Another area for development is providing general information about selected subjects, such as medicine. People go to doctors for many reasons. Some are psychological. But sometimes they only want medical information. It costs a lot to go to the doctor, and if people had less expensive ways to access that data, they would. Here's another example: When I want a car, I try and shop L.A., San Francisco, and San Jose to get the best prices. But it's virtually impossible to get the facts about car dealers because people who don't want you to be able to shop like that are protecting the information. I'd be a candidate for that information because it could save me thousands of dollars, not to mention a lot of time. I'd pay a reasonable amount to get it.

We want to develop applications that will give people a definite economic advantage if they buy them. That's why we went for an encyclopedia as the first CD ROM application. Everyone knows encyclopedias usually cost about $1,000. Someone can rationalize buying a computer that has the encyclopedia, if it's in the same price range as the printed encyclopedia.

INTERVIEWER: How friendly will this machine be?

KILDALL: Well, I don't think it's a matter of friendliness, because ultimately if the program is going to accomplish anything of value, it will probably be relatively complex.

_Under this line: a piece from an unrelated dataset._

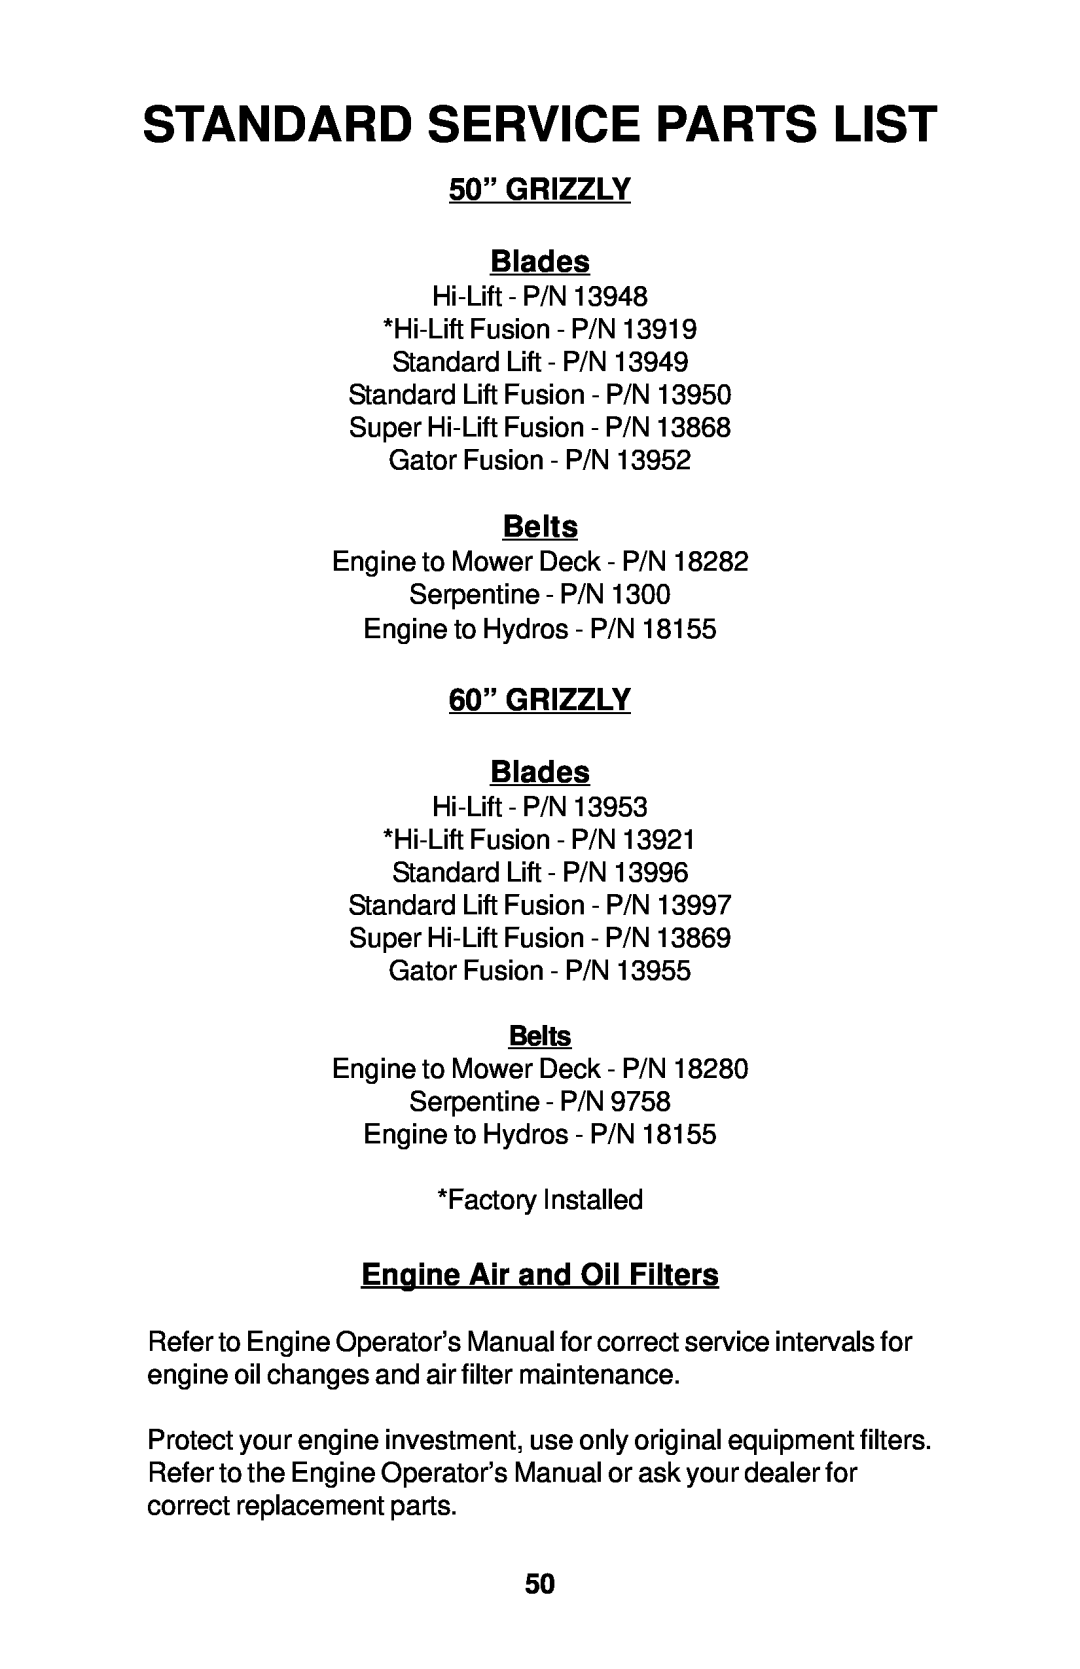 Dixon 18134-1004 Standard Service Parts List, 50” GRIZZLY Blades, Belts, 60” GRIZZLY Blades, Engine Air and Oil Filters

Some people suggest that machines would be friendlier if input could be in a natural language. But natural language is probably the worst kind of input because it can be quite ambiguous. The process of retrieving information from the computer would be so time-consuming that you would be better off spending that time getting the information directly from an expert.

Expert systems will be the ultimate in user friendliness. But we're a long way from having the expert in the box. The doctor-in-a-box, although a phenomenal product, is incredibly complex. It would have to be perfect. Someday, we'll have programs like that. I just don't know how far off they are, and there are lots of problems to solve along the way, but that's the fun part.